## Listed entries
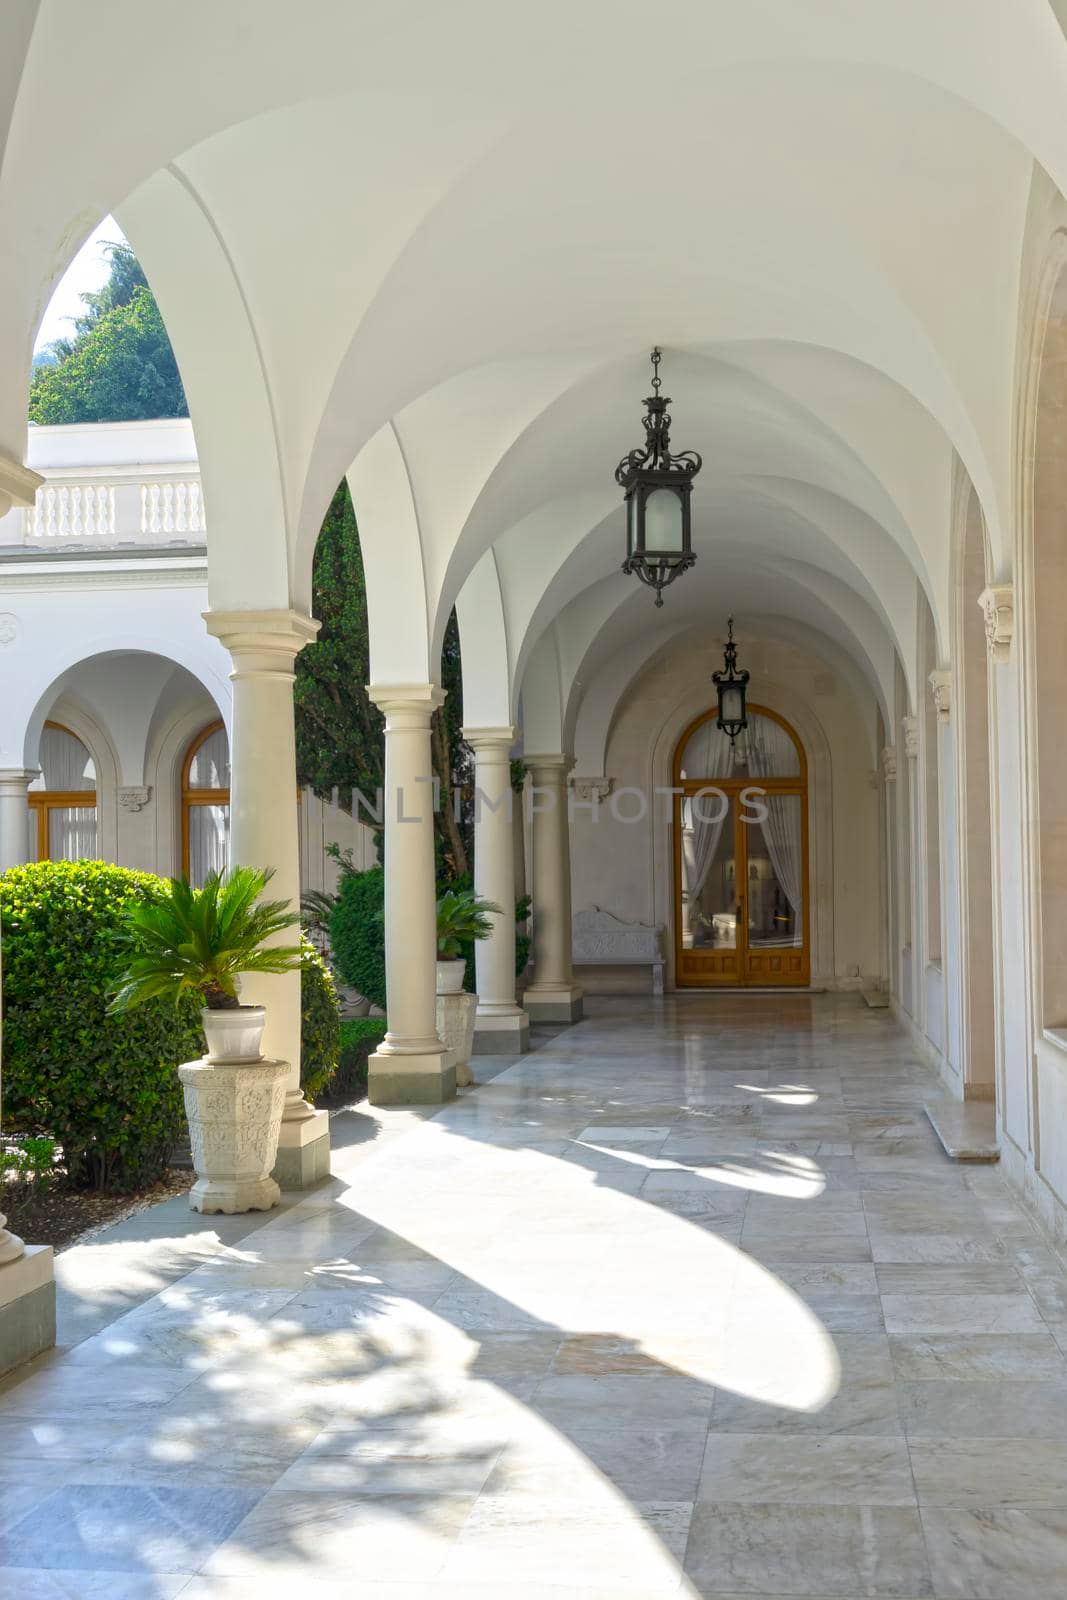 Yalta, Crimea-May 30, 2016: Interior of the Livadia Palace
--
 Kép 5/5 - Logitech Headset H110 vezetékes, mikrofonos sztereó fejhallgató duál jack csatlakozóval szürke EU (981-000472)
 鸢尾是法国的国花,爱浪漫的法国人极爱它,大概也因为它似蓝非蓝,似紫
---
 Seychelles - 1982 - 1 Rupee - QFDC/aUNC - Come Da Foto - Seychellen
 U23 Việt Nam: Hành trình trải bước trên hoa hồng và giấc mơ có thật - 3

## Task statement
Scan the lines above for "Kép 5/5 - Logitech" and for "鸢尾是法国的国花,爱浪漫的法国人极爱它,大概也因为它似蓝非蓝,似紫". Repeat exactly the line holding each of them and every line in between.

## Completed task
 Kép 5/5 - Logitech Headset H110 vezetékes, mikrofonos sztereó fejhallgató duál jack csatlakozóval szürke EU (981-000472)
 鸢尾是法国的国花,爱浪漫的法国人极爱它,大概也因为它似蓝非蓝,似紫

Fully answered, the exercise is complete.